At the end of the treatment, lower fungal loads and species numbers were generally observed (Table 2). No significant differences between inoculated and Enzyveba-free bioreactors were recorded, while higher fungal loads were generally observed under solid-phase conditions than the slurry phase ones, probably for long term unfavourable submerged mycelium growing conditions and the high toxic pollutant bioavailability guaranteed by the latter conditions with respect to the former ones.

All strains isolated from soil at the end of the treatment were ascribable to 14 species of mitosporic fungi, 7 of which came from the inoculum. S. apiospermum and Penicillium spp. were the dominant species (up to 100% in the soil resulting from solid-phase reactors and 75% in that resulting from slurry-phase ones). Noteworthy is the complete disappearance of basidiomycetes, since several fungi of this group are considered eligible candidates for PCBs degradation [12, 1719, 25, 40].
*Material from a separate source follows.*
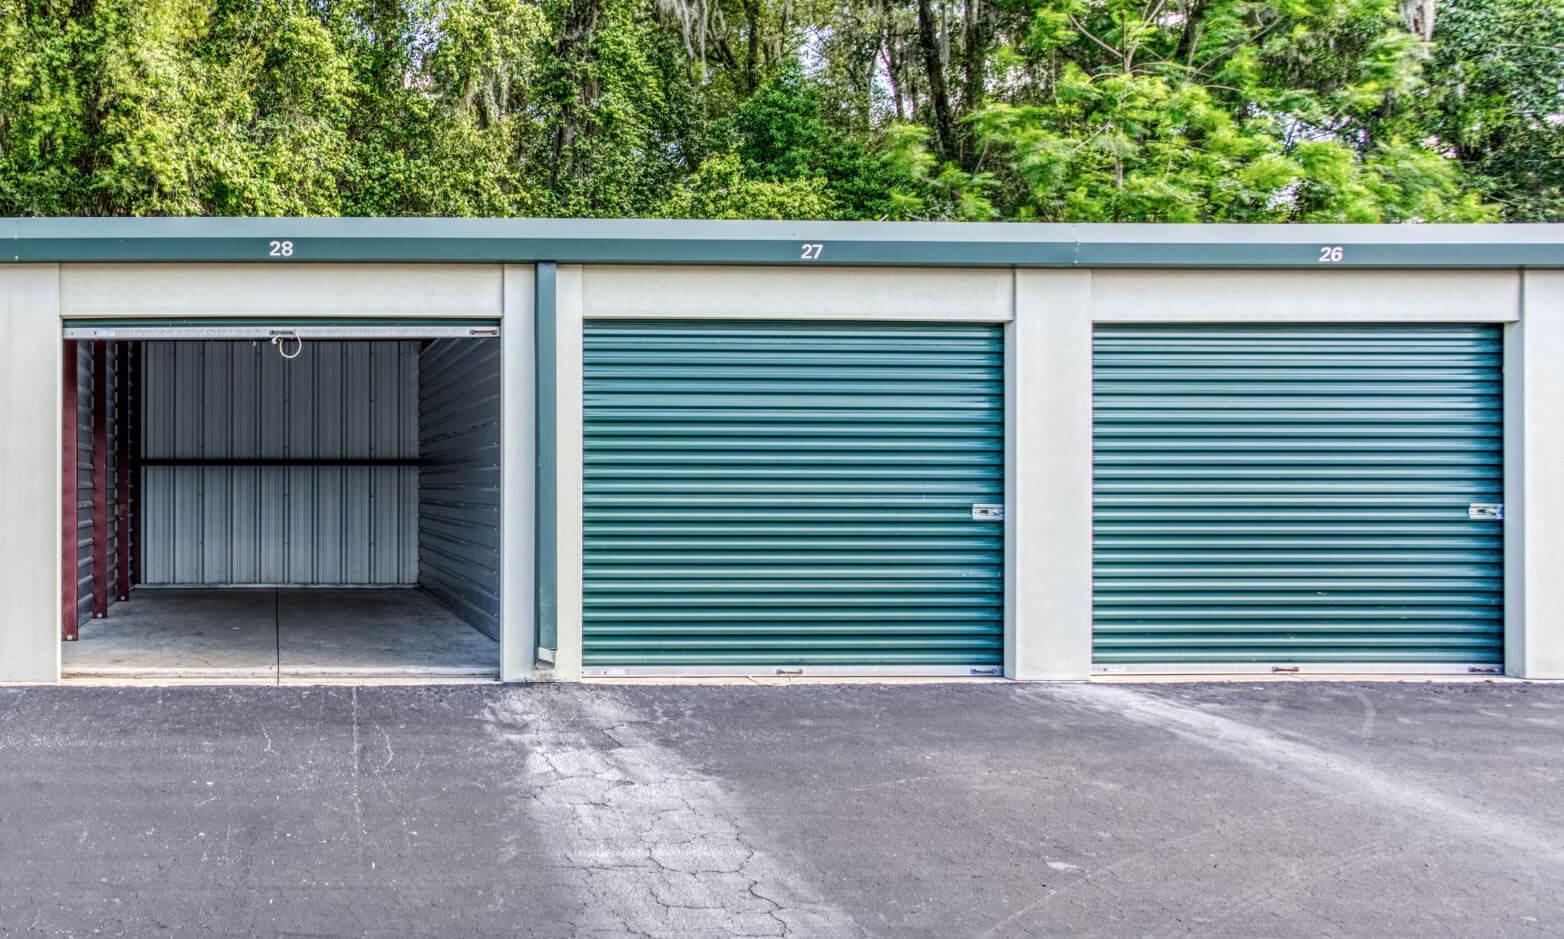 Self-storage unit with door open.
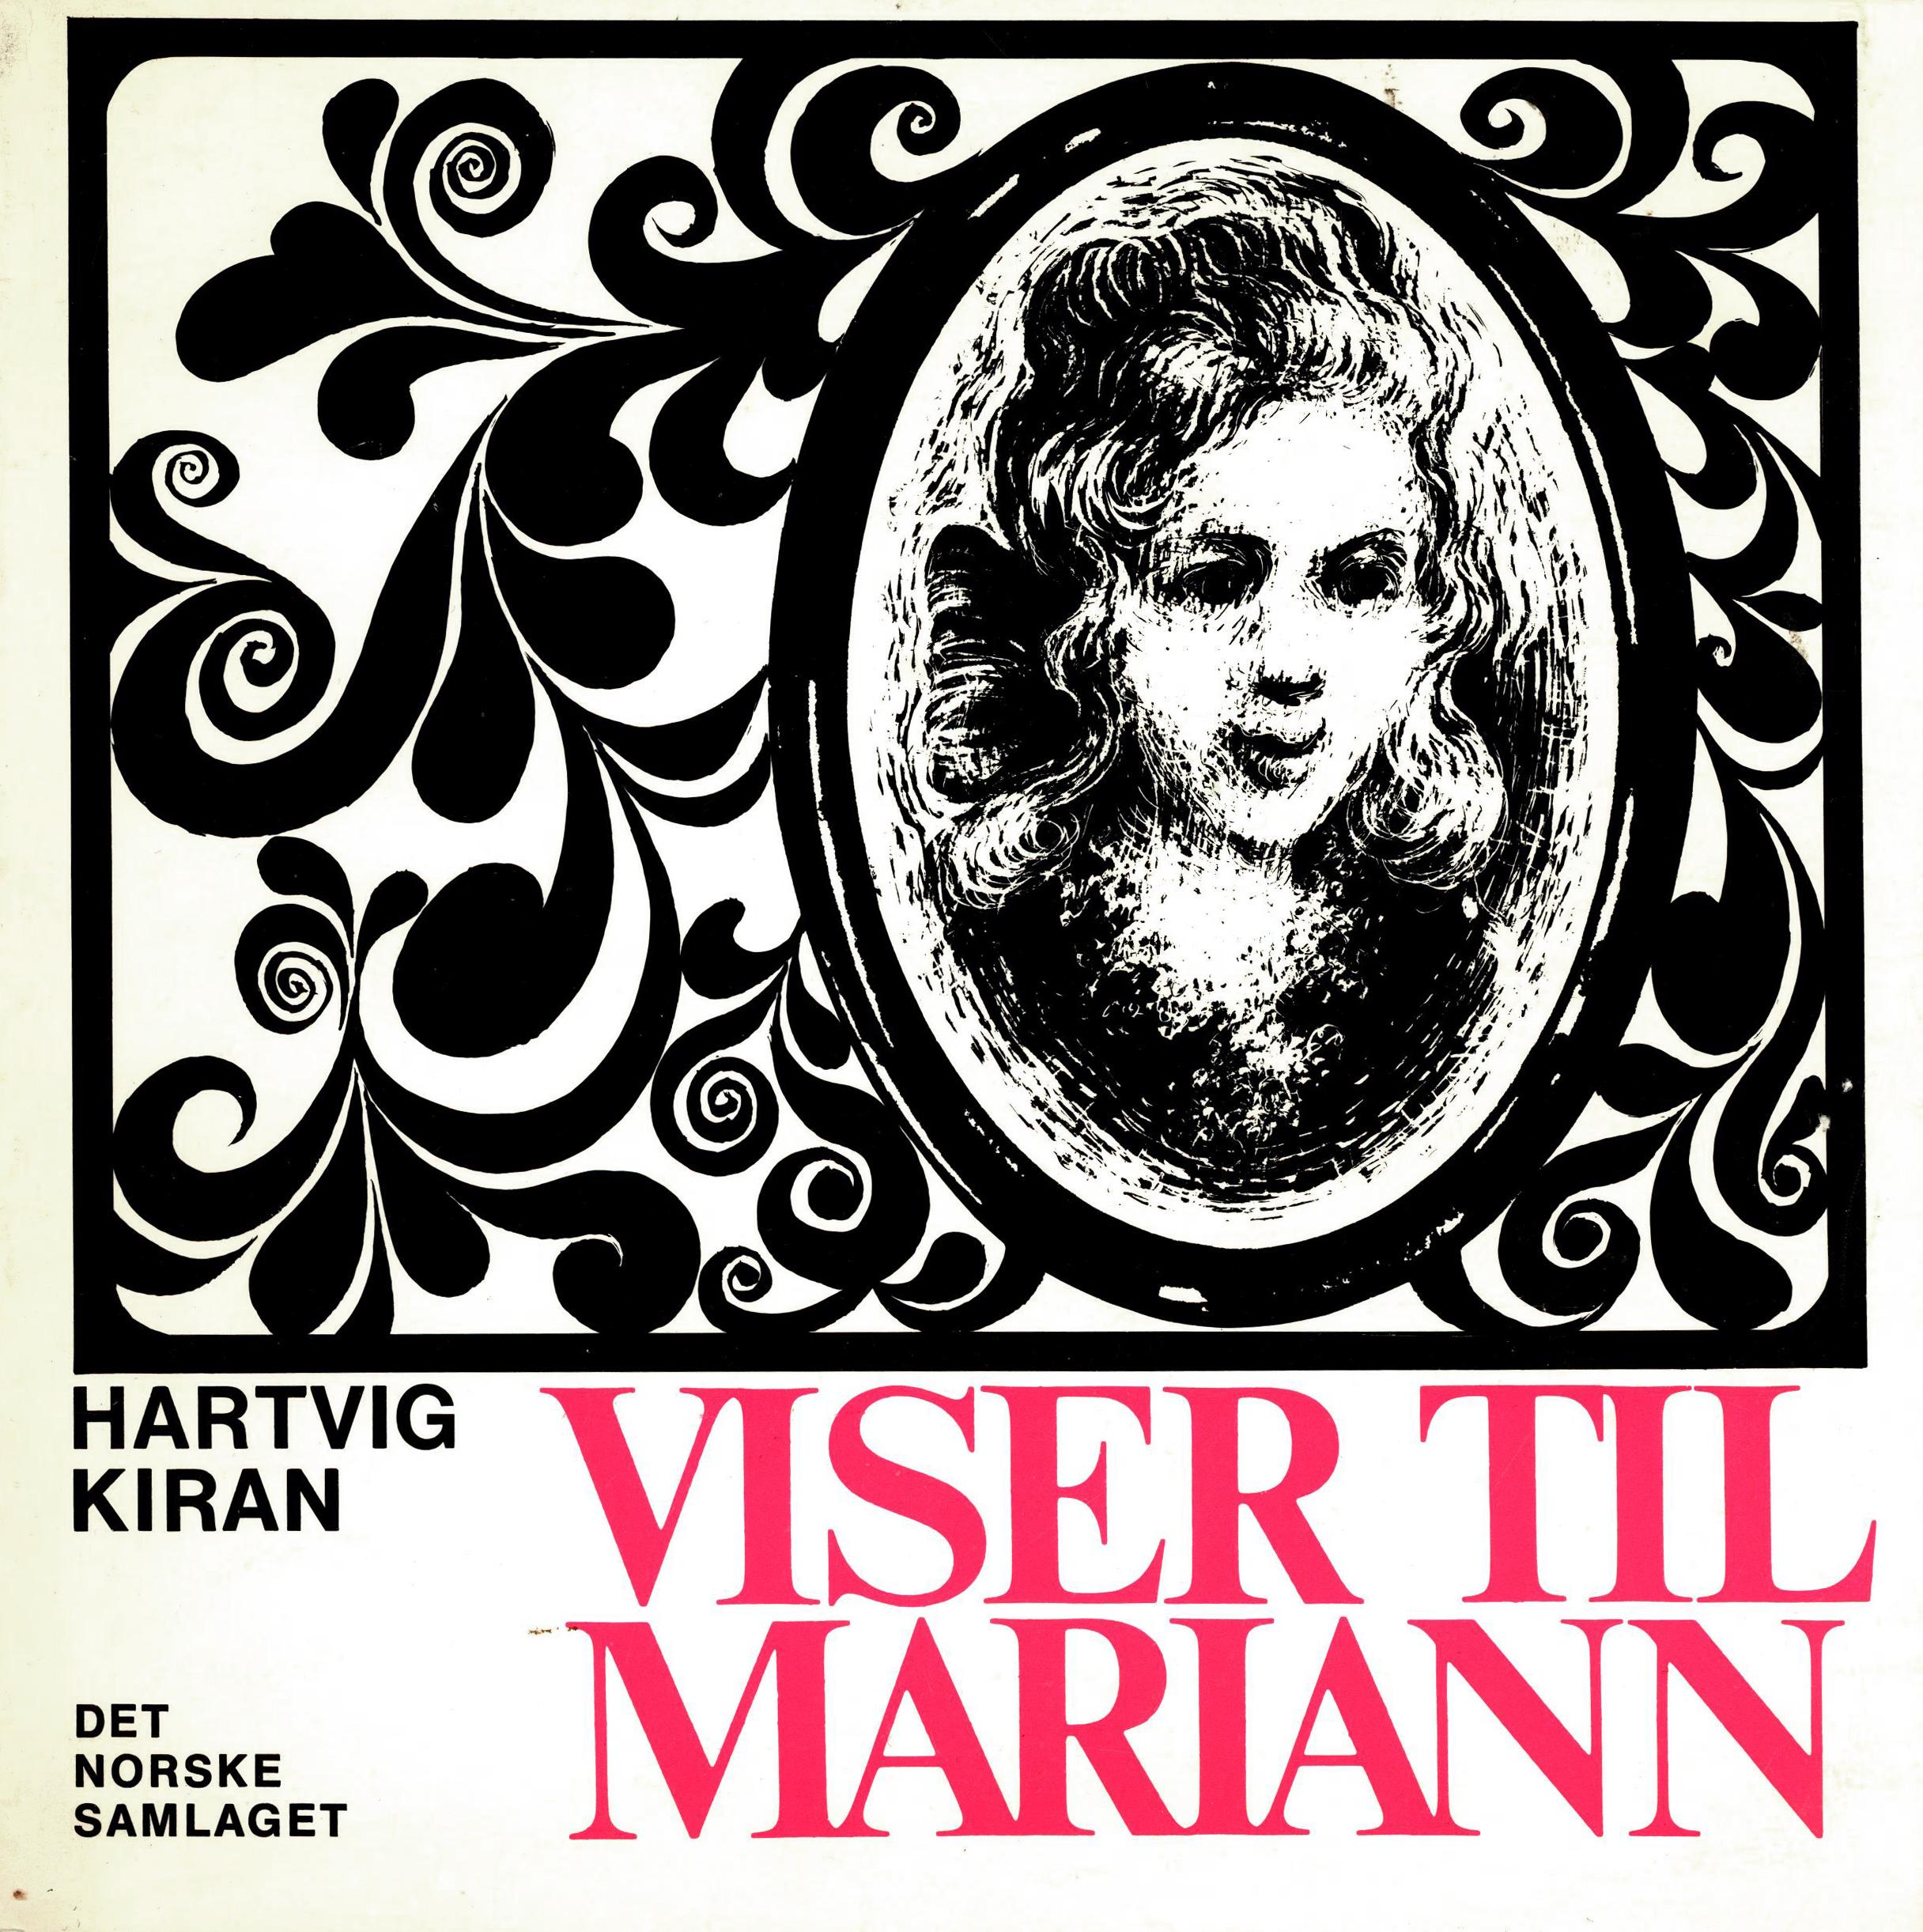 Hartvig Kiran: Viser til Mariann

Tolerance vs PCBs and growing capability of isolated fungi

None of the 21 strains isolated from the bioreactors at the end of the bioremediation experiment were able to grow on biphenyl (200 mg L-1), or on a mixture of 2-chlorobiphenyl, 4,4'-dichlorobiphenyl and 2,2',5,5'-tetrabiphenyl (each at 20 mg L-1) in the absence of any other carbon source (Table 3). Actually, fungi are rarely reported as PCB degraders in absence of alternative carbon source [12], although the growth capability on biphenyl has been considered an indicator of the ability to degrade PCBs [1, 21]. Sixteen strains were able to growth in minimal medium with the 3 PCBs and glucose (10 g L-1), but less rapidly and extensively than the control with glucose only; this evidence analogously to others already reported in the literature [12, 41] confirms PCBs ability to adversely affect fungal growth, thus permitting to hypothesize that tolerance towards PCBs is a reliable indication of fungal ability to cometabolize PCBs [2]. On the basis of these considerations, the 6 strains that displayed the most rapid and extensive growth on PCBs and glucose (Aspergillus fumgatus, Penicillium chrysogenum, Penicillium digitatum, Fusarium solani and two strains of Scedosporium apiospermum) were selected for further degradation experiments.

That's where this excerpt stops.